Coronavirus

Berlin and Paris call for acceleration of recovery: "We have lost too much time"

French and German finance ministers present their recovery plans

3 min
French President Emmanuel Macron and German Chancellor Angela Merkel during a video conference.

BrusselsIt's been almost a year since Angela Merkel and Emmanuel Macron revived the EU's Franco-German engine to propose a recovery fund against the coronavirus pandemic with common debt. But the energy generated from Berlin and Paris still circulates through the gears of the European Union without combustion. The money hasn't arrived, hasn't even begun to be issued, and meanwhile the United States already has a new president who has launched an unprecedented economic recovery plan. "We have to be clear, we were very efficient last year in adopting the European recovery plan and the decision to issue common debt. But since then, we have lost too much time, China has regained its growth and the United States is already bouncing back", French Finance Minister Bruno Le Maire acknowledged on Tuesday.

He said this at a joint virtual press conference with his German counterpart, Olaf Scholz, who wanted to honor and claim epically the gesture of their respective heads of state and government. "Without our cooperation, the moment we are celebrating right now would not have been possible", said Scholz. "When France and Germany want to, Europe can", the Frenchman reiterated. A politically necessary claim because the gesture is far away and the European Union continues to be questioned, even more so after the president of the United States, Joe Biden has announced a plan to revive the American economy with unprecedented public spending.

"Europe is different from the United States. There are also the fiscal strategies of the states themselves and then our joint response, a big problem that is absolutely different from the response of ten years ago and that I am convinced will make a global difference", the German minister responded when asked about the need to rethink the scale of the European recovery plan in the face of the magnitude of the pandemic and the American response. Le Maire was even more blunt: "The comparison with Biden is unfair and inappropriate. If you want to make comparisons between the two continents, you have to take into account European social policies and the money already spent".

Even so, that the self-proclaimed engine of Europe claims the quality of the European response does not mean that they do not admit that there is no time to lose to face the recovery. That is why Le Maire has asked the European Commission to go as fast as possible to approve the recovery plans and the governments that have not yet done so to activate the necessary ratification in order for the Commission to be indebted to obtain the 800,000 million euros of the recovery fund. He also warned of the danger of depending on the United States or China in economic and technological terms.

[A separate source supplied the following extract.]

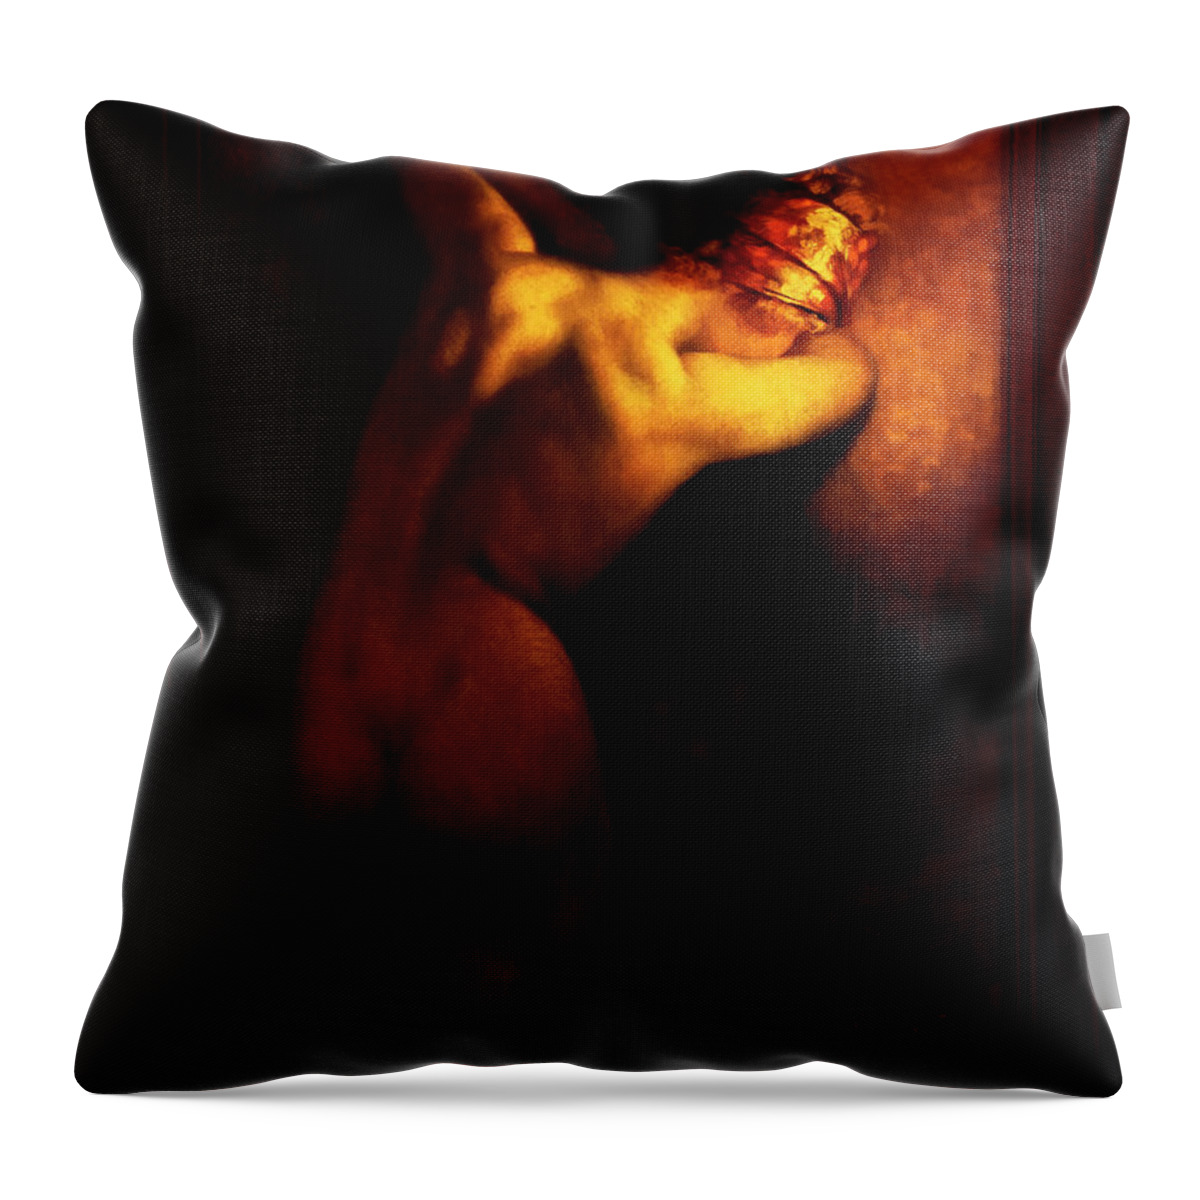 Nude Female Portrait Throw Pillow featuring the painting Woman By Golden Light by Albert Joseph Penot Classical Art Old Masters Reproduction by Rolando Burbon

Several countries have yet to ratify this and the European Commission is counting on the most optimistic scenario that it will be able to start distributing the advances in June. Even so, Le Maire himself has admitted that he expected them in September. For the money to arrive, Brussels needs to approve the recovery plans that will be presented largely this week (Greece and Portugal have already submitted them). But the Commission has two months to look at them and the Council another month, deadlines that are not expected to be shortened.

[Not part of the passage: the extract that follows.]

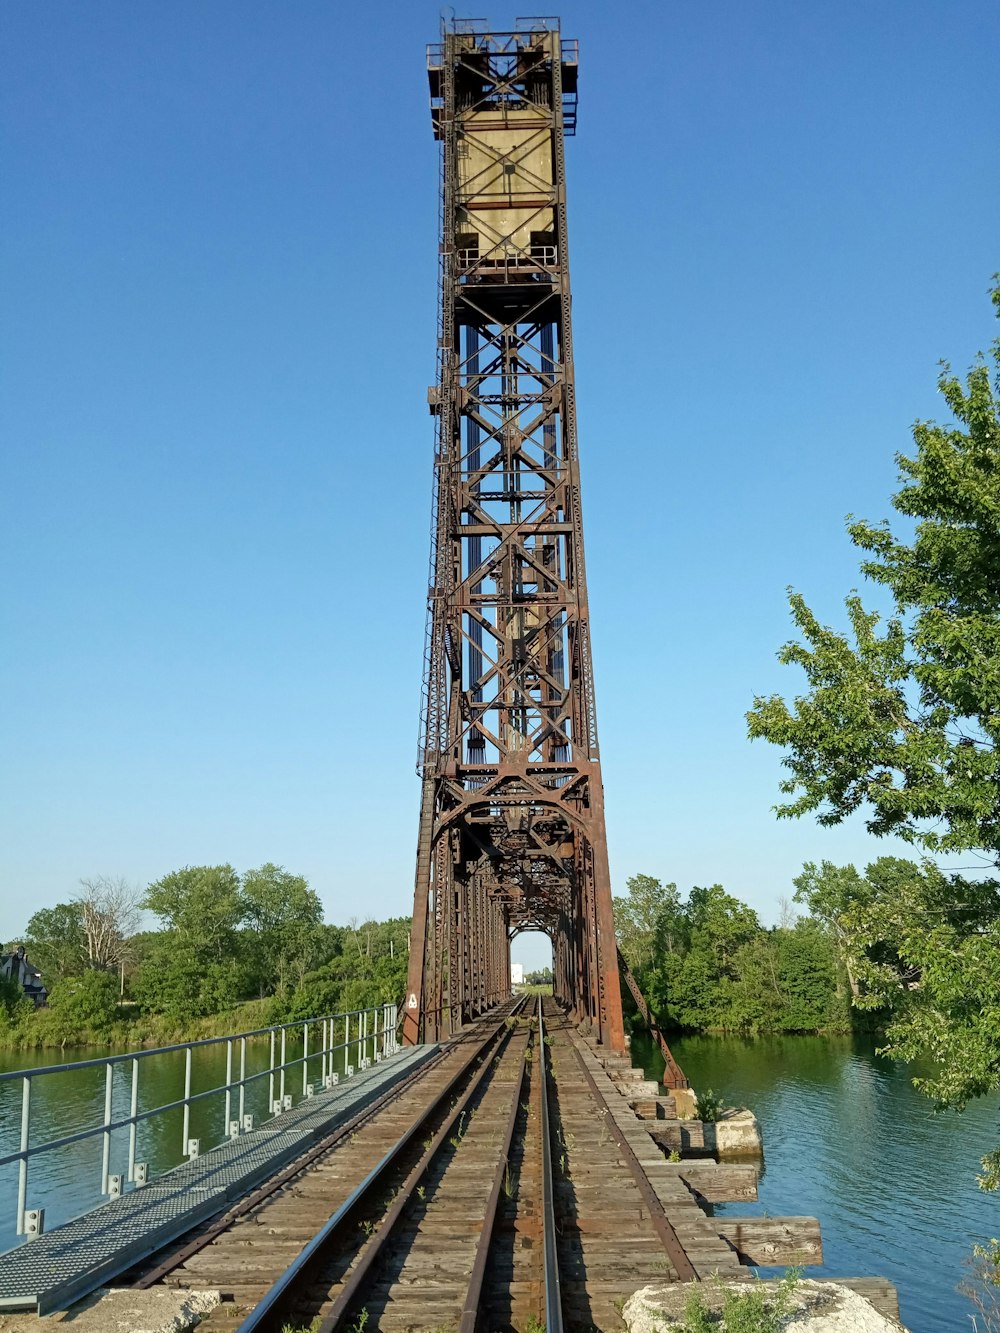 a large metal tower next to a body of water

In the general lines presented by the two ministers, Scholz explained that of the 25.6 billion euros in subsidies that Germany will receive from the fund, 11.5 billion will go to green policies or ecological transition and 14 billion to digital transformation, and he pointed out that it will mean a growth of two points of the German GDP. For his part, Le Maire has defended the need to reform and modernise the French economy with the 39.4 billion euros in subsidies that correspond to the fund.